Debbie Van Kiekebelt

Personal information
- Born: March 1, 1954 (age 72) Kitchener, Ontario

Medal record
Women's athletics
Representing Canada
Pan American Games
| Gold medal – first place | 1971 Cali | Pentathlon |
Pacific Conference Games
| Silver medal – second place | 1973 Toronto | High jump |

= Debbie Van Kiekebelt =

Canadian athlete and sports broadcaster (born 1954)

Deborah "Debbie" Van Kiekebelt (born March 1, 1954, in Kitchener, Ontario) is a Canadian athlete and sports broadcaster. She was a gold medallist in the pentathlon at the 1971 Pan American Games, and was named that year's Canadian Woman Athlete of the year. Later, she became Canada's first female sports broadcaster.

Van Kiekebelt attended Clarkson Secondary School in Mississauga, Ontario. During her high school days at Clarkson, she not only captured many Peel regional titles, but set records in several events.

Van Kiekebelt finished second behind fellow Canadian Debbie Brill in the high jump event at the British 1971 WAAA Championships.

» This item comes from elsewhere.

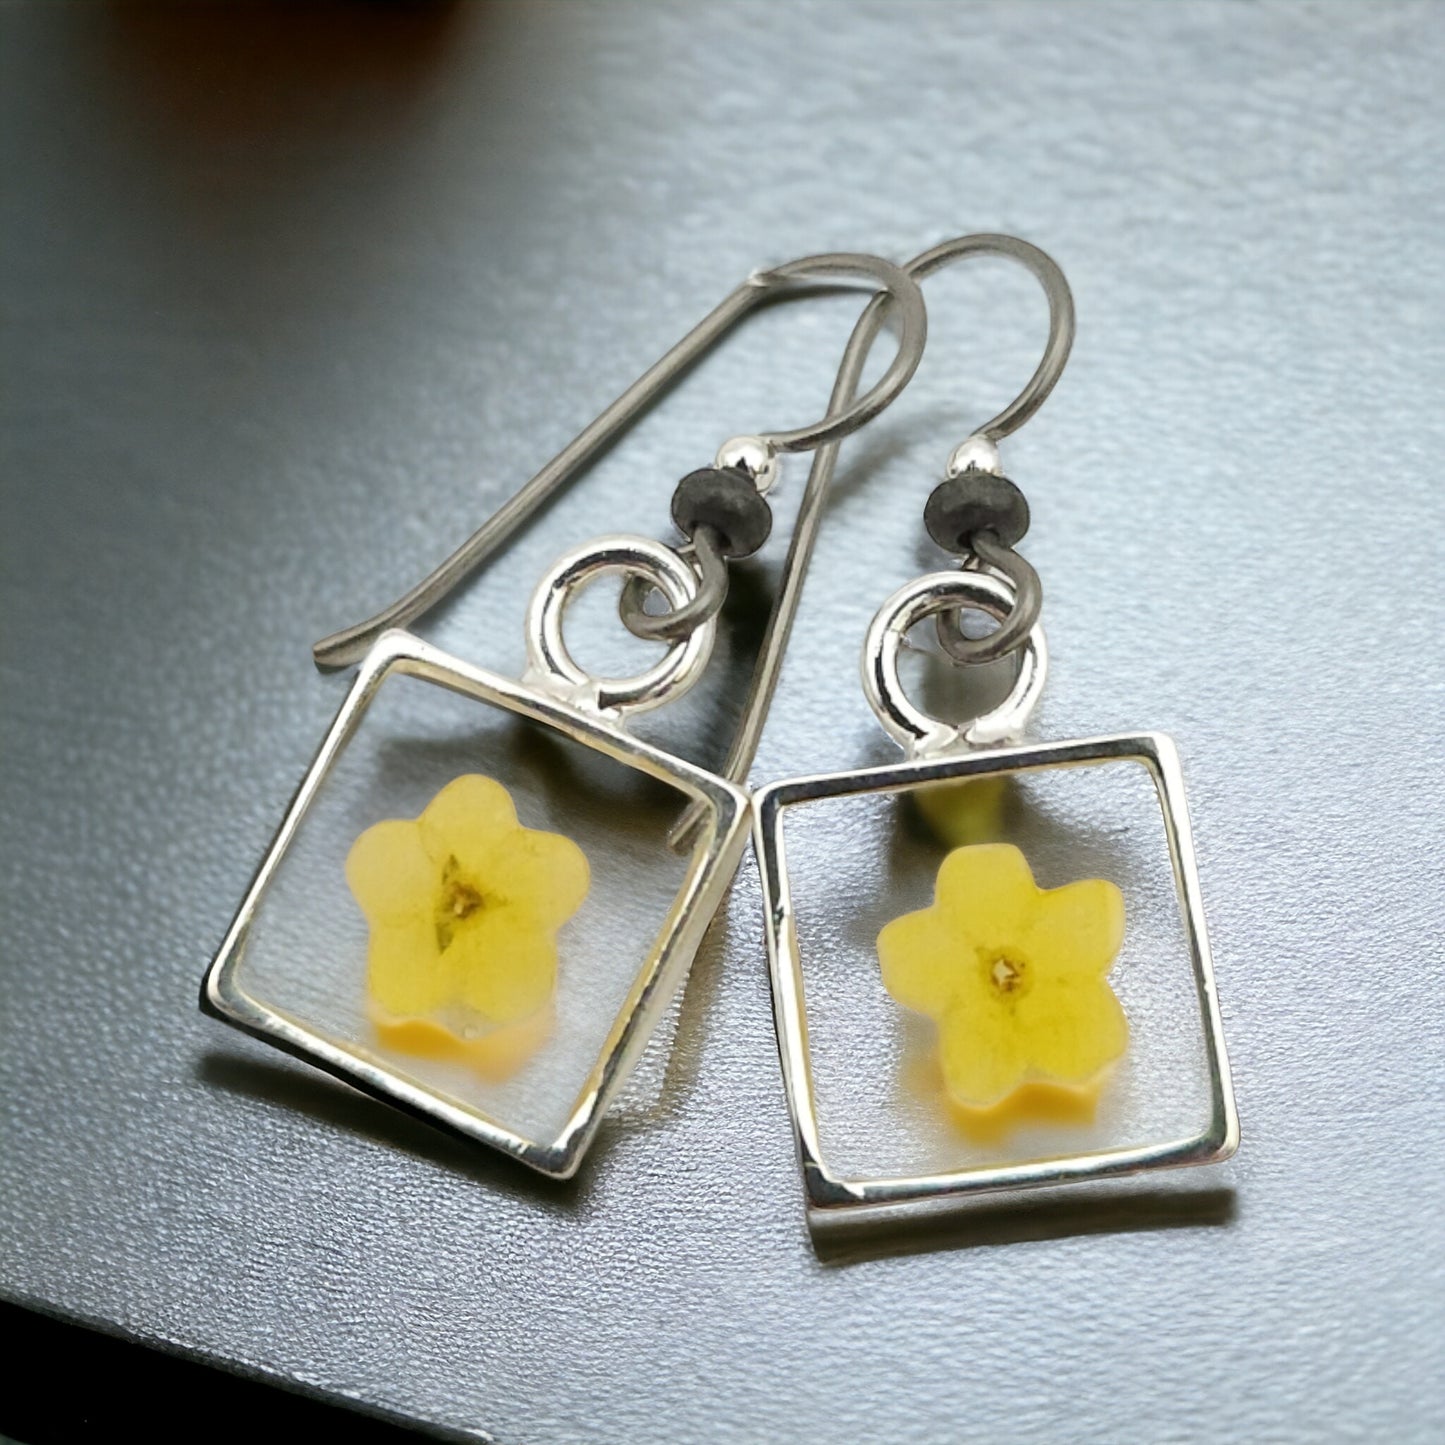 Forget-me-nots Yellow Flower Earrings In Small Silver Bezel

After her Pan-Am gold medal win in Cali, Colombia, in the pentathlon, She competed in the Long Jump and Pentathlon at the 1972 Olympic games in Munich. Where she failed to advance to final in the long jump, and place 15th in the Pentathlon. She won a silver medal in the high jump at the 1973 Pacific Conference Games; she was appointed to the Mississauga Sports Hall of Fame in 1977. She became the first female Canadian sports broadcaster, appearing on Citytv and NBC, and was host of six television series.

Van Kiekebelt was a director for the See You In Athens Fund which supported Canadian athletes attending the 2004 Summer Olympics.